The launch of the new Apple iPhone 7 means e-waste is suddenly in the news. If you haven’t been following, Apple, in its shift towards wireless technology, has jettisoned the headphone jack, and cable-connected headphones as we know them, in favor of wireless earbuds and headphones, along with updated (lightning connector) headphones. The new technology conjures up visions of e-waste: mountains piled high as currently available headphones and earbuds—with their tangle of cable—become out-dated and tossed aside.

It’s the nature of electronic goods to evolve. Think back to the first iPods, or further to the Walkman. Going back even further, headphones have been in use for over 100 years. The phone jack dates back to the late 1800s and the name itself derives from the reason it was invented in the first place—for use in telephone exchanges. So just as manually-operated switchboards are a thing of the past, the headphones in use today will continue to evolve until they too become obsolete.

How we handle e-waste into the future will become an increasingly pressing question.
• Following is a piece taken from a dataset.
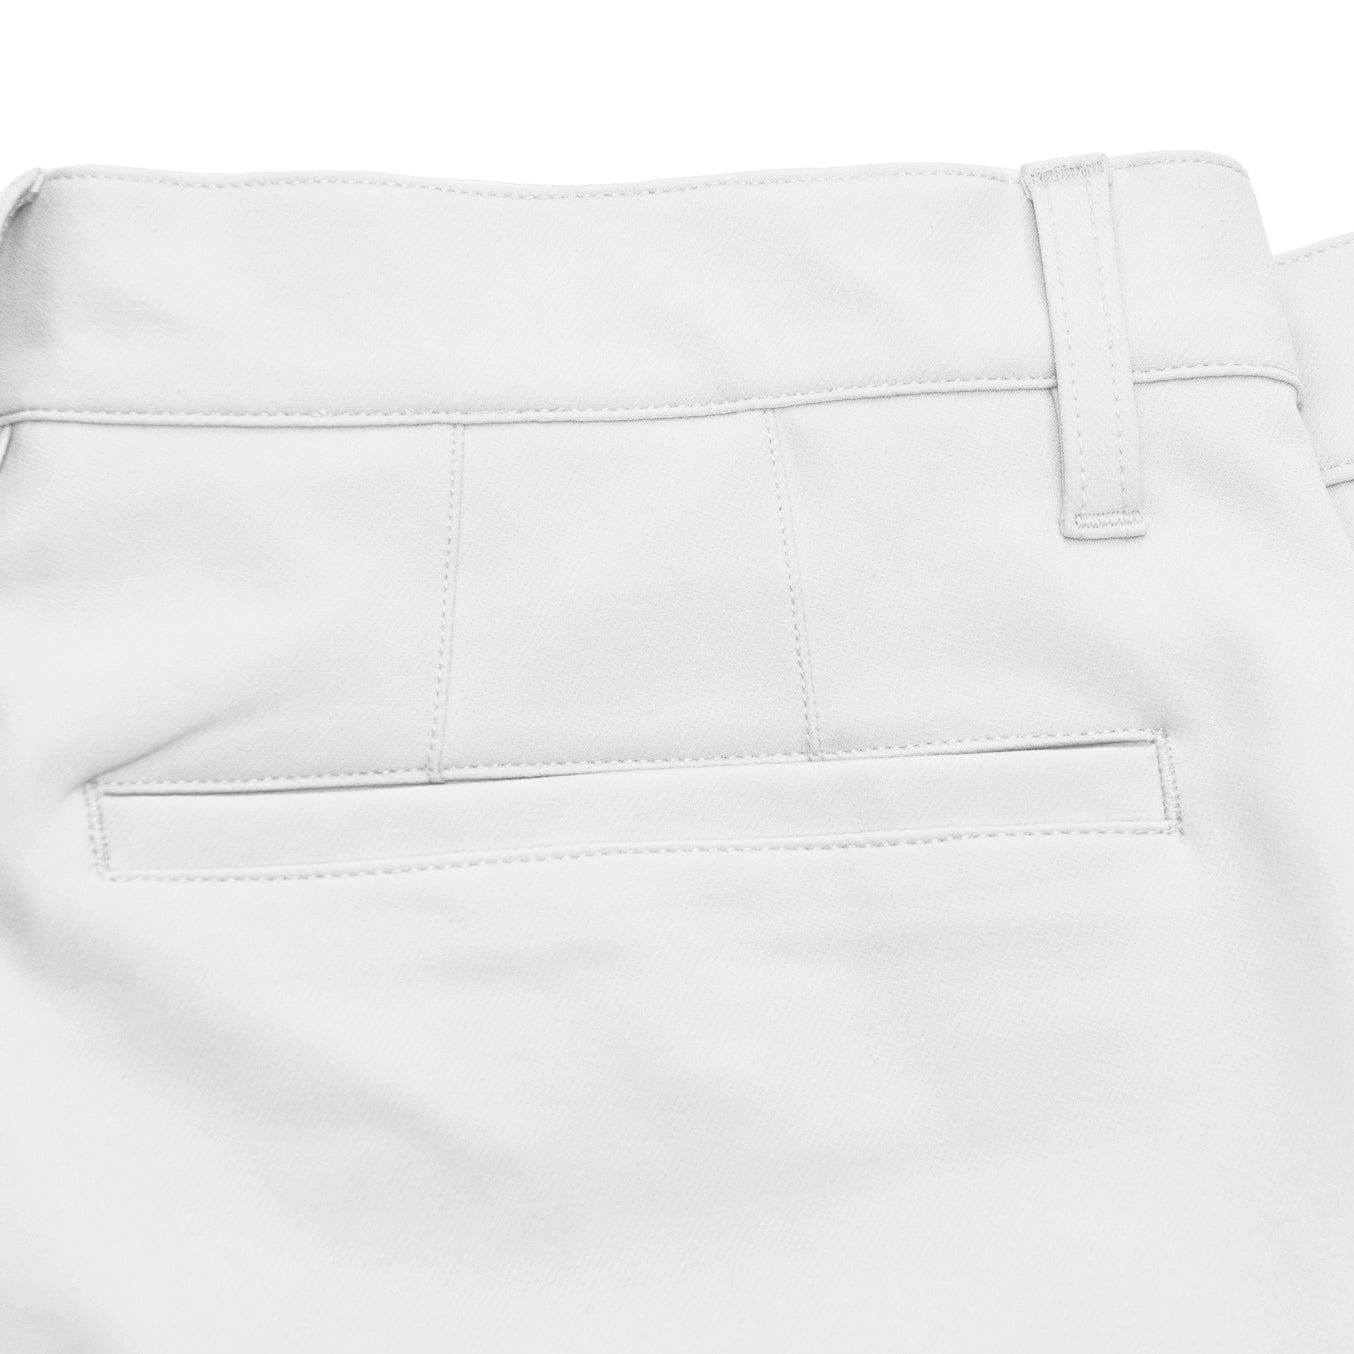 Athletic Fit Shorts - White

In the meantime, we have it in our means to keep much of our electronic waste out of landfill and redirect the materials towards a second life—through e-waste recycling.

This e-waste collection is a joint venture between the Conservation Corps North Bay, the FHA and the FHA Environmental Committee. Click on this link to view the earlier post, or to check what is or what isn’t eligible to be recycled: Save the Date: e-Waste Collection Oct 22

Click on any of the terms used above—headphones, phone jack, telephone exchanges—to go to the corresponding Wikipedia page.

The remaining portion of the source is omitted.